I knew in real time when I leaned out of the open plane into the sky that THIS was the moment I’d waited for. Not the 30 seconds of freefall, nor the minutes of floating down with the parachute, watching how everything looks different from such a height. Don’t get me wrong. When the instructor asked me how it was to jump out once we were floating, I enthusiastically shouted, “Holy f@ck!” It was already over by the time I struggled to hold the harness on my chest and keep my arms and head tucked safely. The unspoken thing about skydiving is that you’re going to get back to the ground – one way or another. Likewise, you’re going to end up somewhere in life, even if you don’t make conscious choices. 

The next part is tough to admit. I jumped out of selfishness. The day I was in the tree, watching a plane go over, I just knew I had to jump. I waited to be nervous or afraid, even on the long ride up into the beautiful afternoon sky. The only moment that I really wanted was to experience leaning out the door and knowing I had to let go. The moments during and after were window dressing and distractions from wanting to KNOW what would go through my head. It wasn’t fear because it didn’t feel real in the way that we think about reality. It was surrender. 

Even if fear had overwhelmed me, I still would have fallen out. Oversimplifying it, the result is the same. There is a lesson in there. The result for each of us is the same, ultimately. It’s the in-between and how we either enjoy the moments or are dismayed by them. Overthinkers and anxious people spend too much time concerned with appearances, control, and things beyond our control. Your face, mind, and body are the ones you have; work with what you have, change what you can, and release the rest of the nonsense into the void. I can preach it because although I understand it, I don’t consistently practice what I preach. That pisses me off. 
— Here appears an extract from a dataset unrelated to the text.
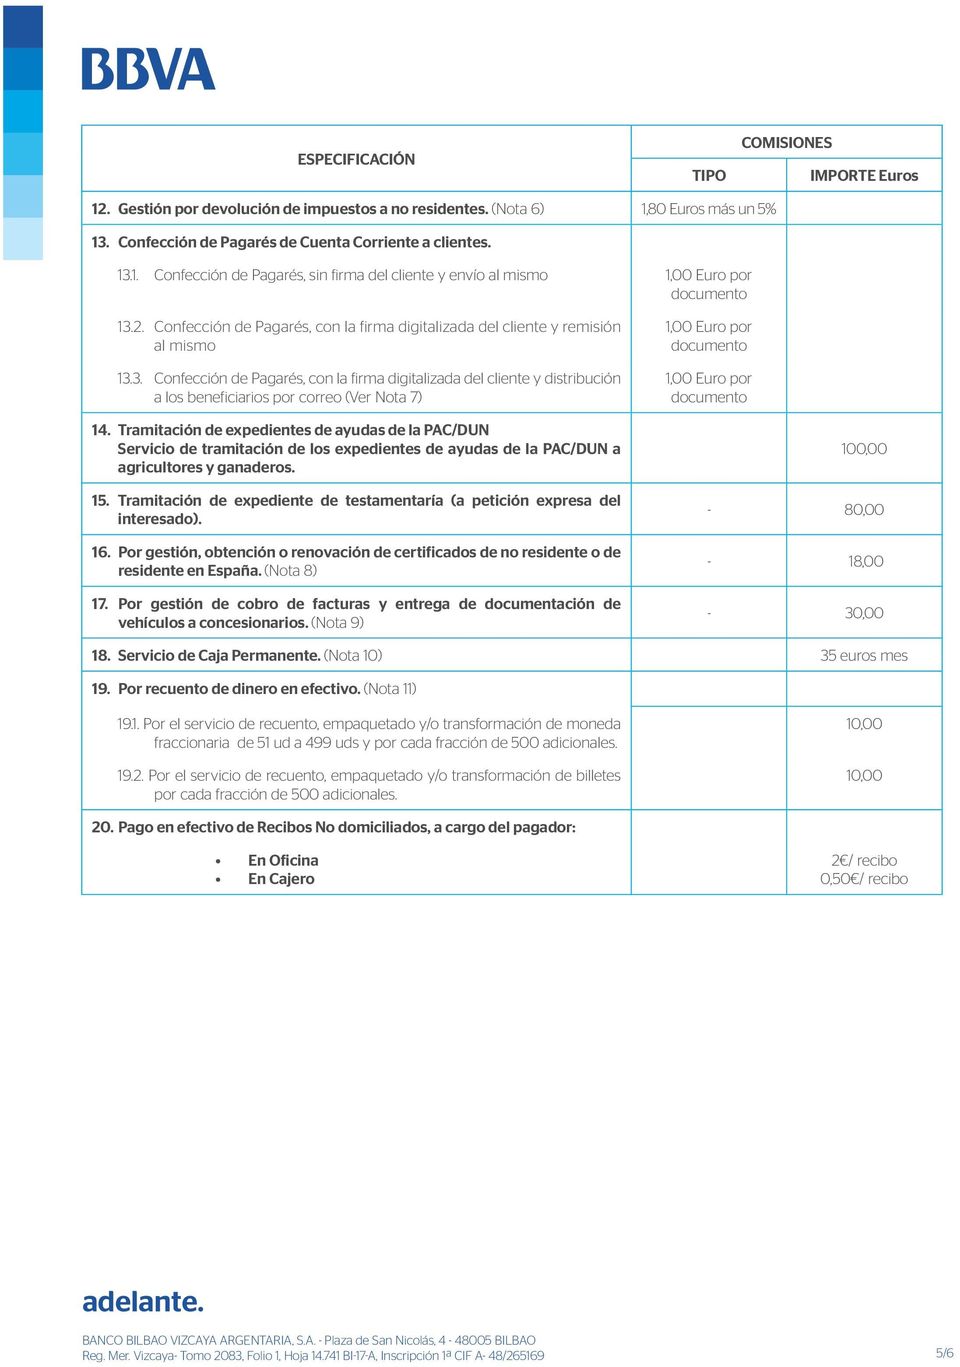 3. Confección de Pagarés, con la firma digitalizada del cliente y distribución a los beneficiarios por correo (Ver Nota 7) 1,00 Euro por documento 1,00 Euro por documento 14.

When you are prone to anxiety or worry, you’re really not seeing that you are trying to be in control of things that aren’t in your domain to do so. Both anxiety and worry take energy and focus away from what it is. Cognitively, I get it. But if you can accept the idea that although you live your life perfectly, the results are not going to be perfect. So why do we expect things to go moderately well when we know we aren’t doing things correctly?  There’s nothing you can do about it. This sort of visceral understanding can either mobilize you to action or it can freeze you in your tracks, maybe forever. 

I say I jumped out of selfishness because it’s true. I’m hoping that the moment of looking out into the sky clogs my head with the absurdity of worrying about the infinite list of things that cannot be controlled. I’ve been in the headspace before where I was completely detached. It’s liberating, but it is also dangerous.

Love, X

.

Skydiving at 57

Friday at noon, I climbed 30 feet into the trees near the creek. Saturday, I climbed 10,000+ feet into the sky, leaned out into the nothingness, and let go. The one second I spent hanging out of the plane, looking down at Northwest Arkansas with the sun on the horizon on such a beautiful day, is something I will be thinking about for a while. The 15-20 minute plane ride to get the right altitude was gorgeous, too, even though we were cramped into a very confined space. If you are prone to nervousness or overthinking, this part would be your downfall. The 30 seconds of freefall was an adventure, but nothing could top the loud roar of the plane and the wind going silent in my head and fading away in that one single second. I kept waiting for the nervousness to hit me; it didn’t seem real. It was more of a hassle waiting on the process to get on the small plane. Erika accompanied me to the site but, surprisingly, wasn’t interested in jumping out of a perfectly good washing machine disguised as an airplane. Just letting go and falling, knowing everything was beyond my control. Once the parachute deployed, it was live tv with the world at my feet. Trees won’t feel the same to me now. The only real danger of jumping is the landing. It went perfectly as I slid across a few yards of clover and came to a stop. Back to the real world, with the memories of allowing myself to let go and jump into the sky.